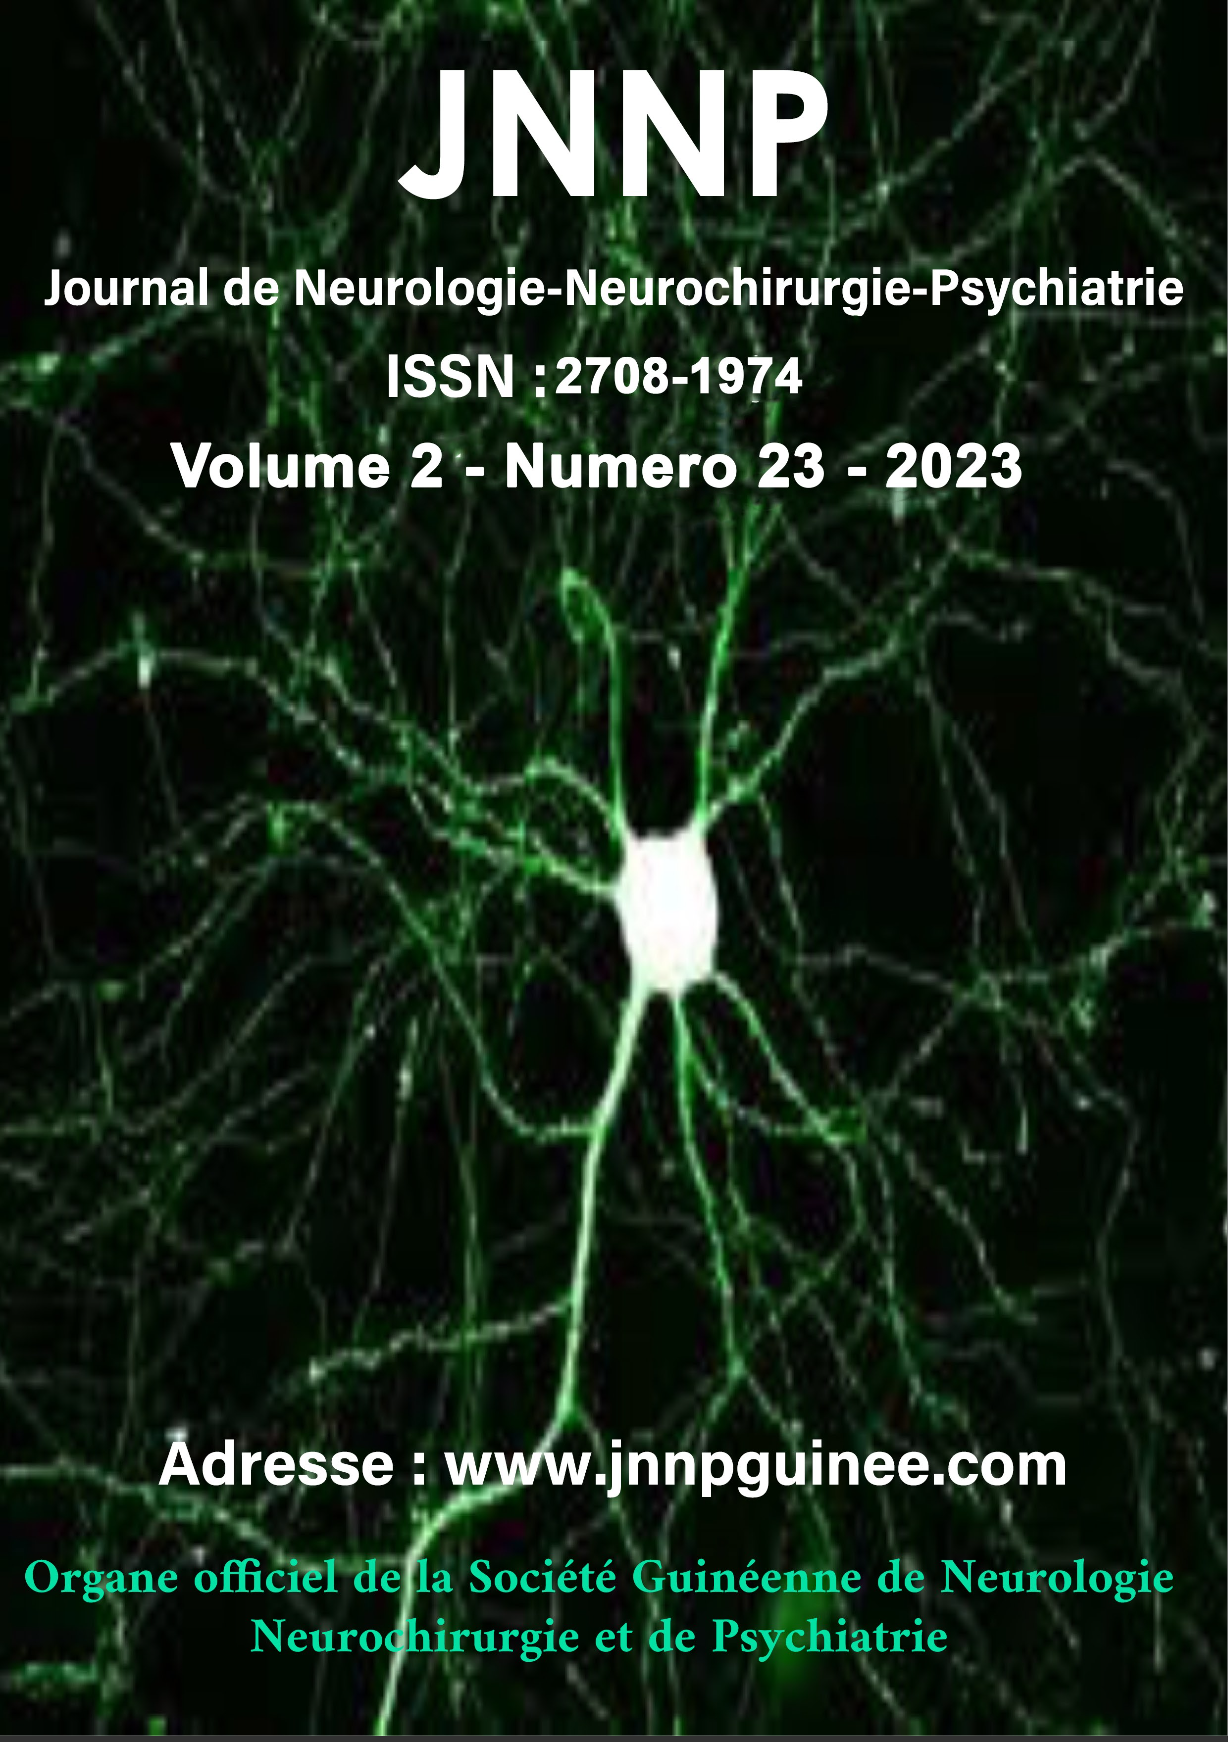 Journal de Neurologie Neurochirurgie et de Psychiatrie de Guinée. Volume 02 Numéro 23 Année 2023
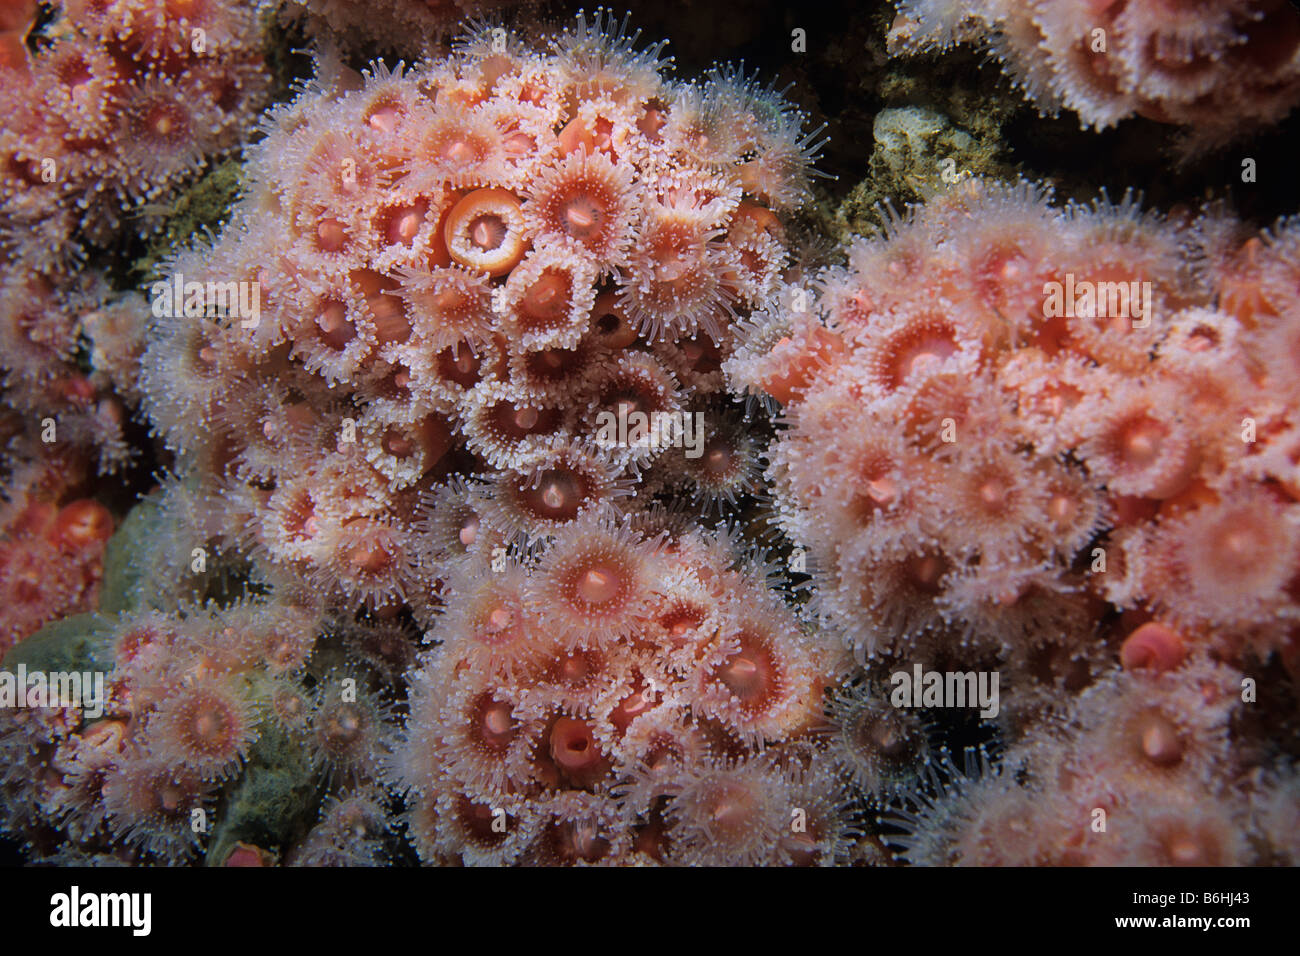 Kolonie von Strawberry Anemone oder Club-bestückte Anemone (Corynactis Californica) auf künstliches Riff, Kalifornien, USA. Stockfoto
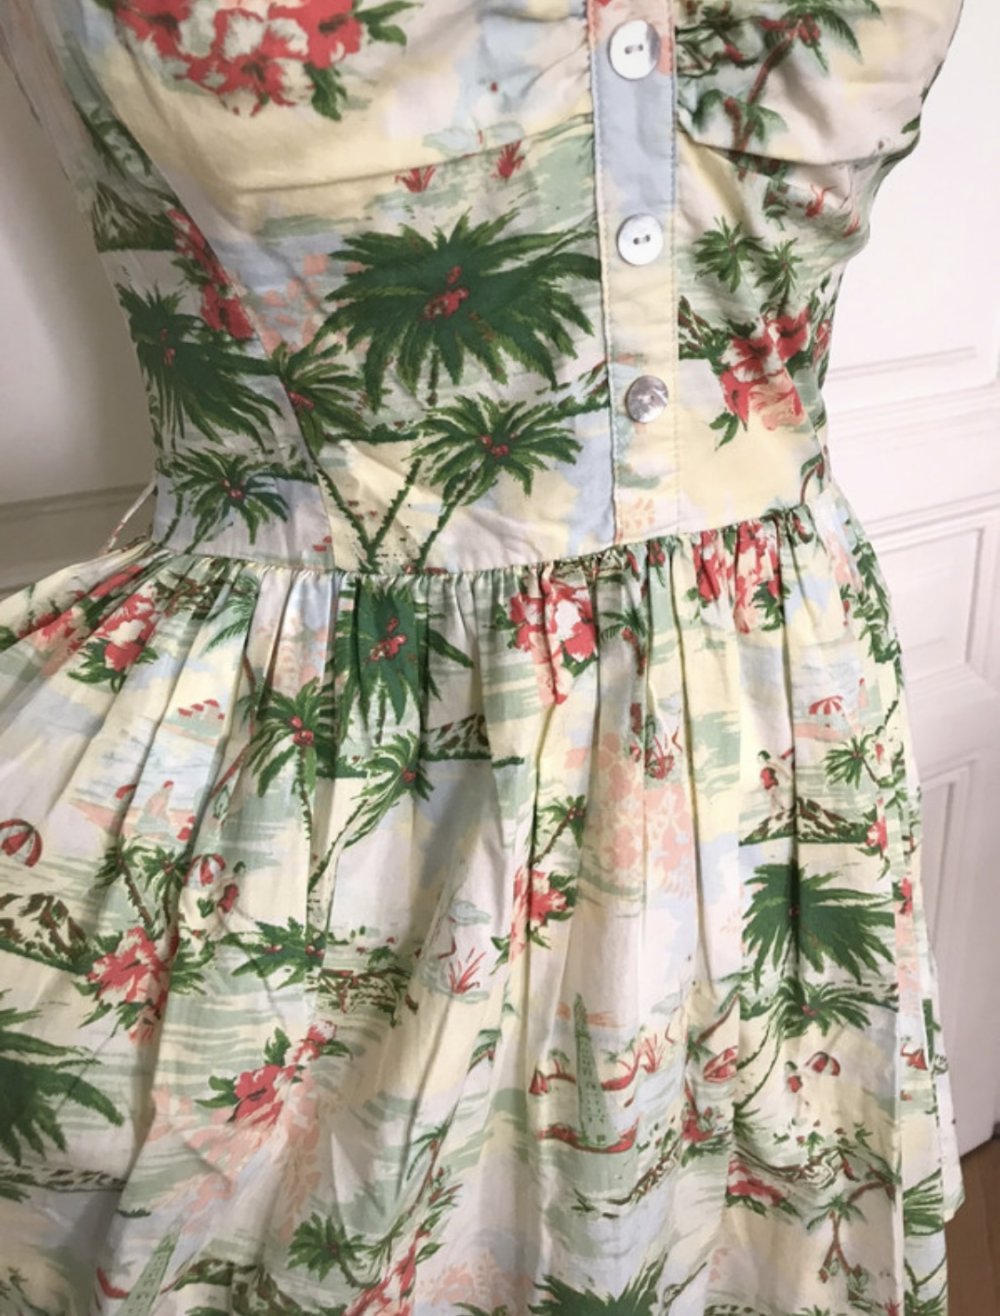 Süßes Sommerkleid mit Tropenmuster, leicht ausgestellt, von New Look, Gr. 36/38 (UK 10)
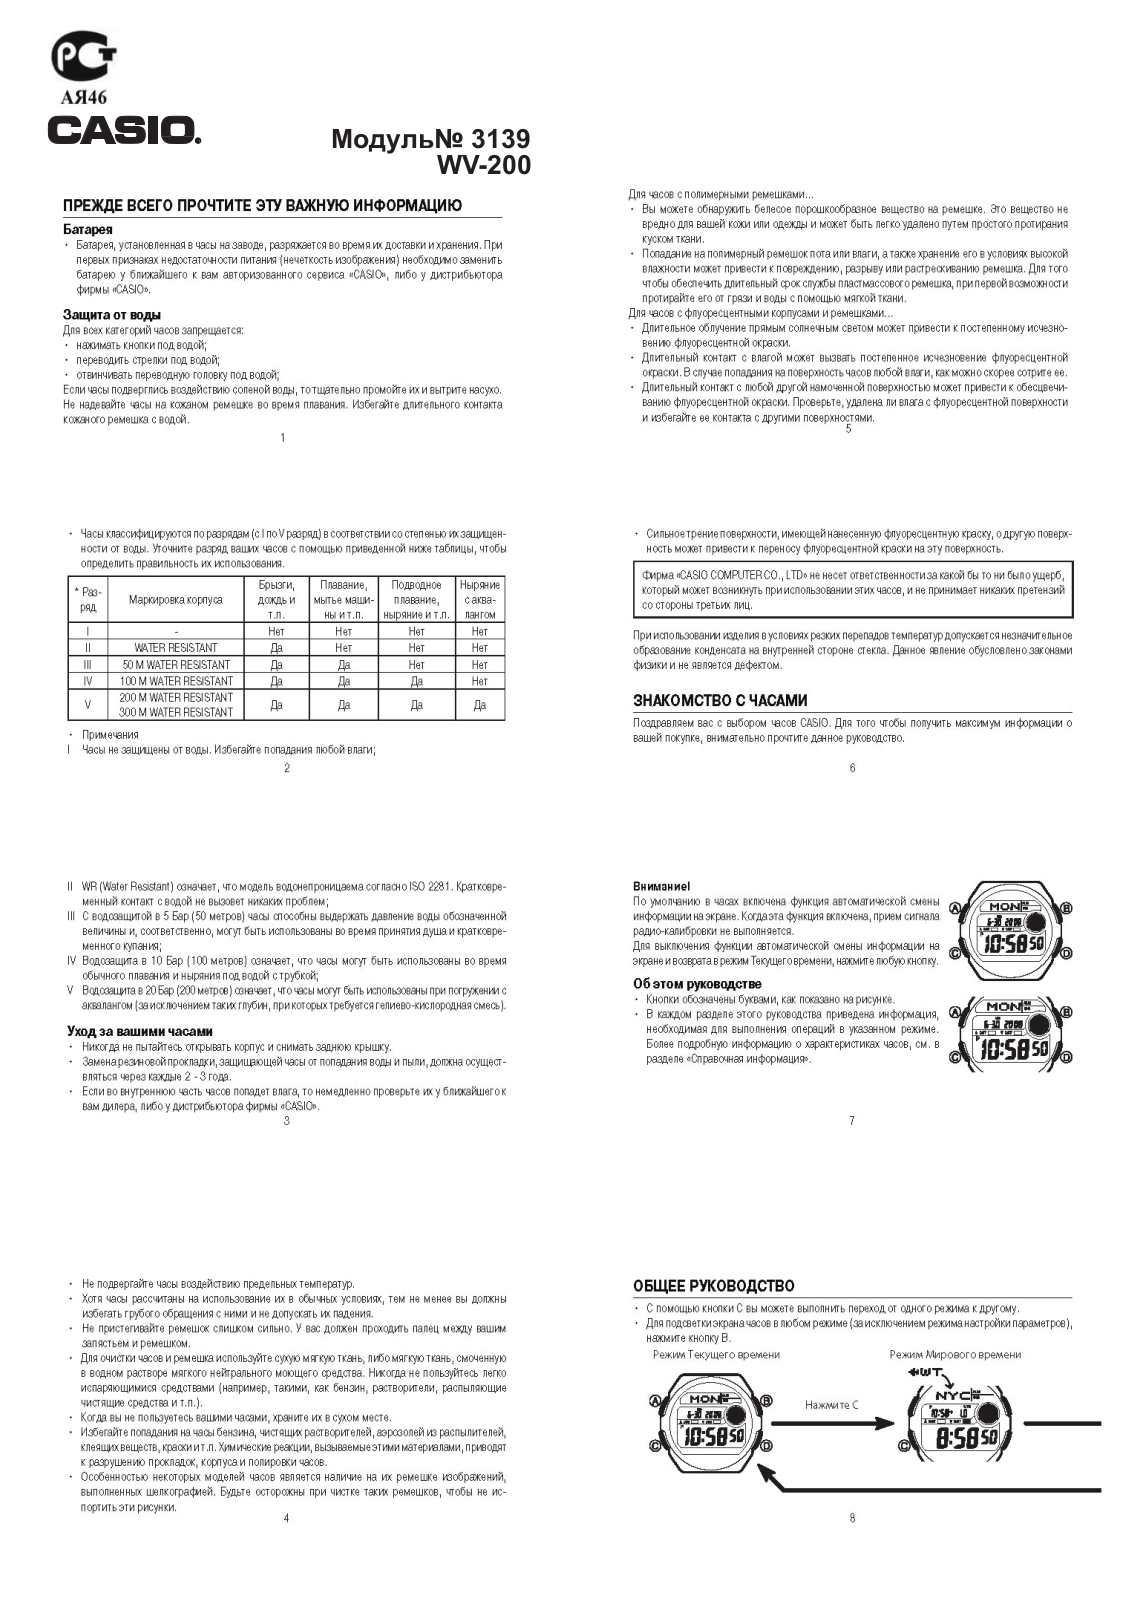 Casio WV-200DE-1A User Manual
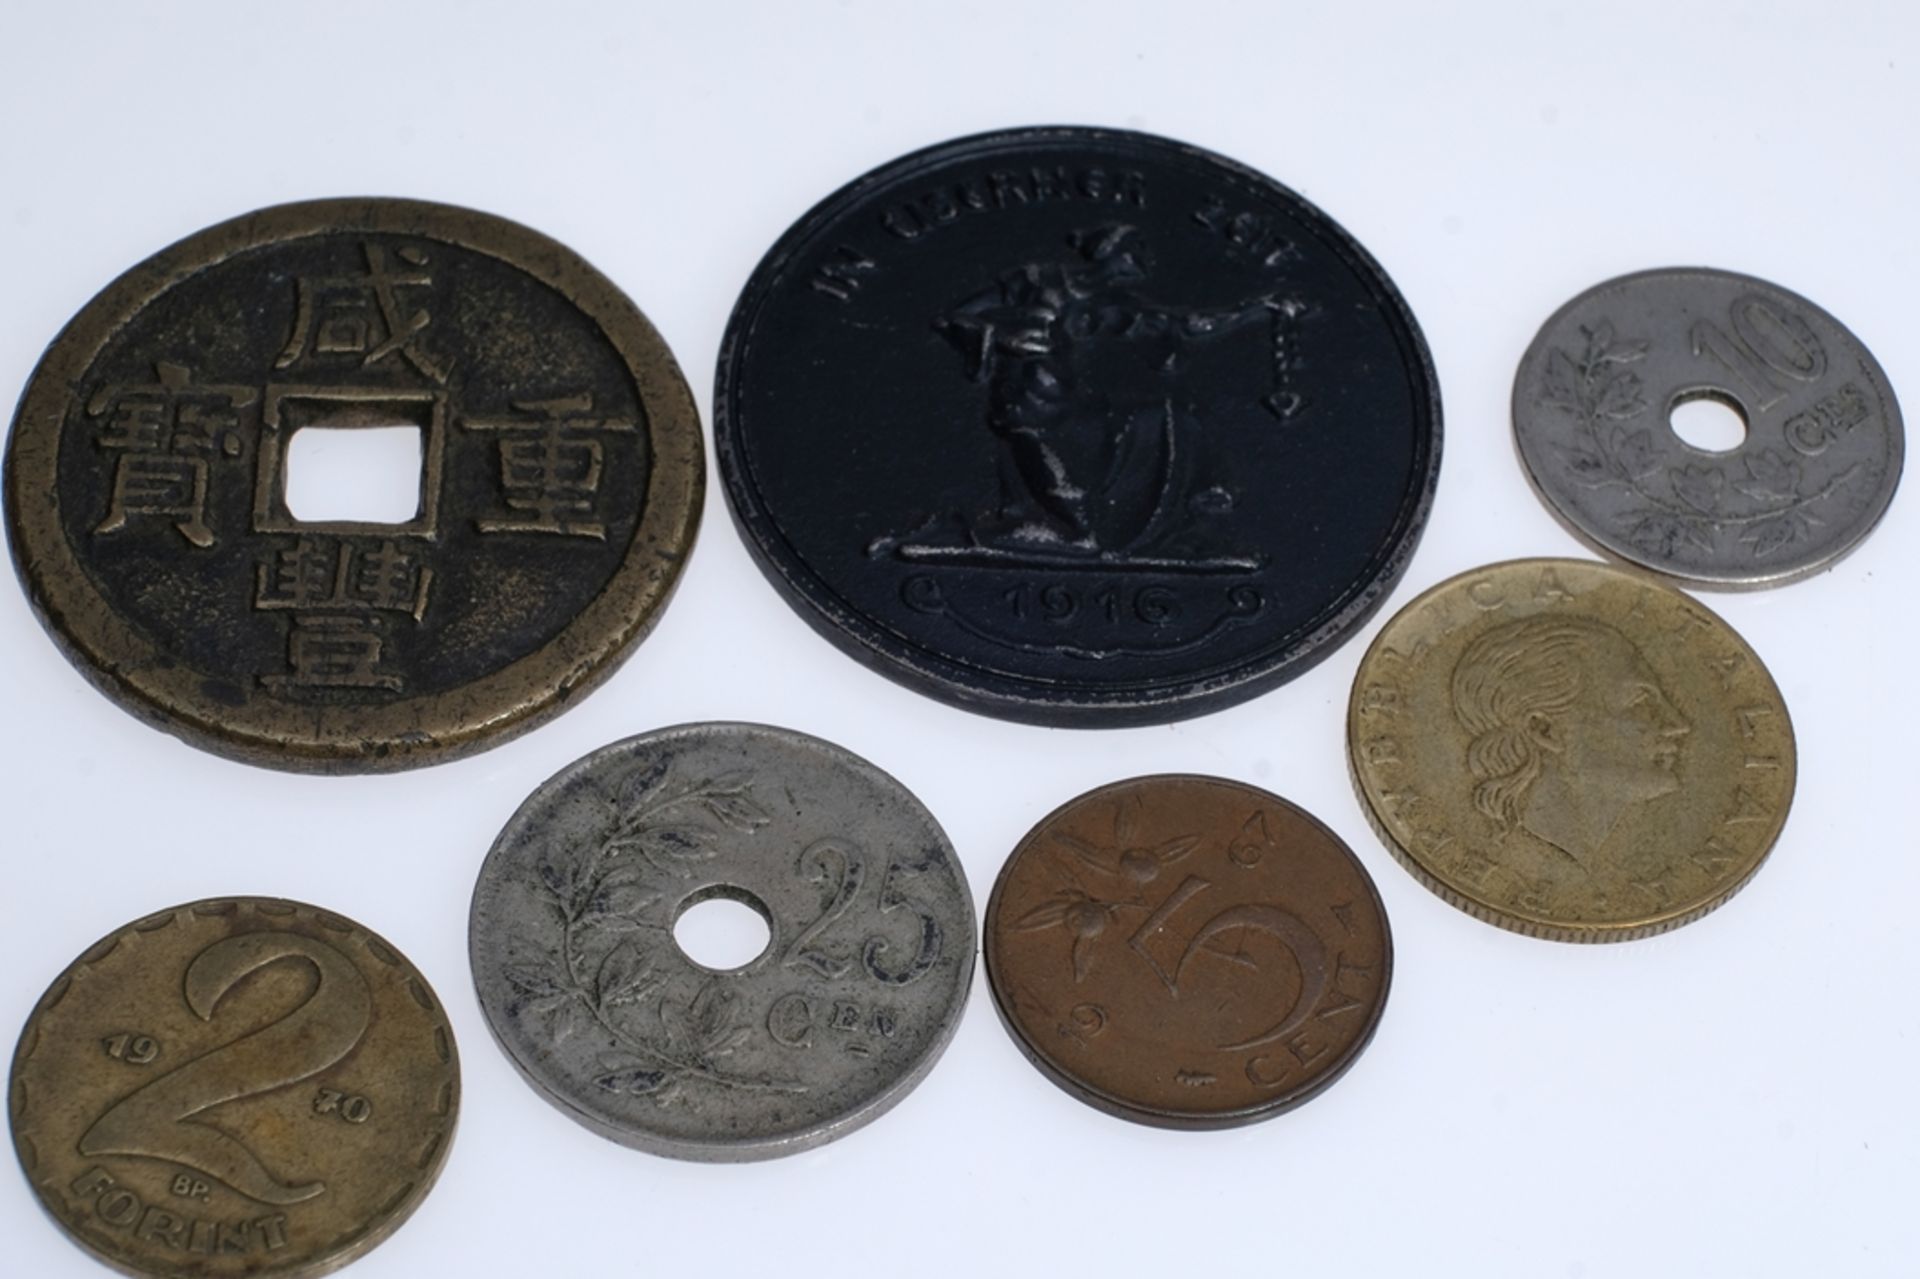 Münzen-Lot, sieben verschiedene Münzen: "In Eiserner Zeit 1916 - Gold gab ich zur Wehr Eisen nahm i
-*-*-
> **Assignment**: Repeat verbatim the range of lines that opens at the line containing "Casio WV-200DE-1A User Manual" and closes at the last line of the entries, excluding all pictures.

> **Task solution**:
 Casio WV-200DE-1A User Manual
 Münzen-Lot, sieben verschiedene Münzen: "In Eiserner Zeit 1916 - Gold gab ich zur Wehr Eisen nahm i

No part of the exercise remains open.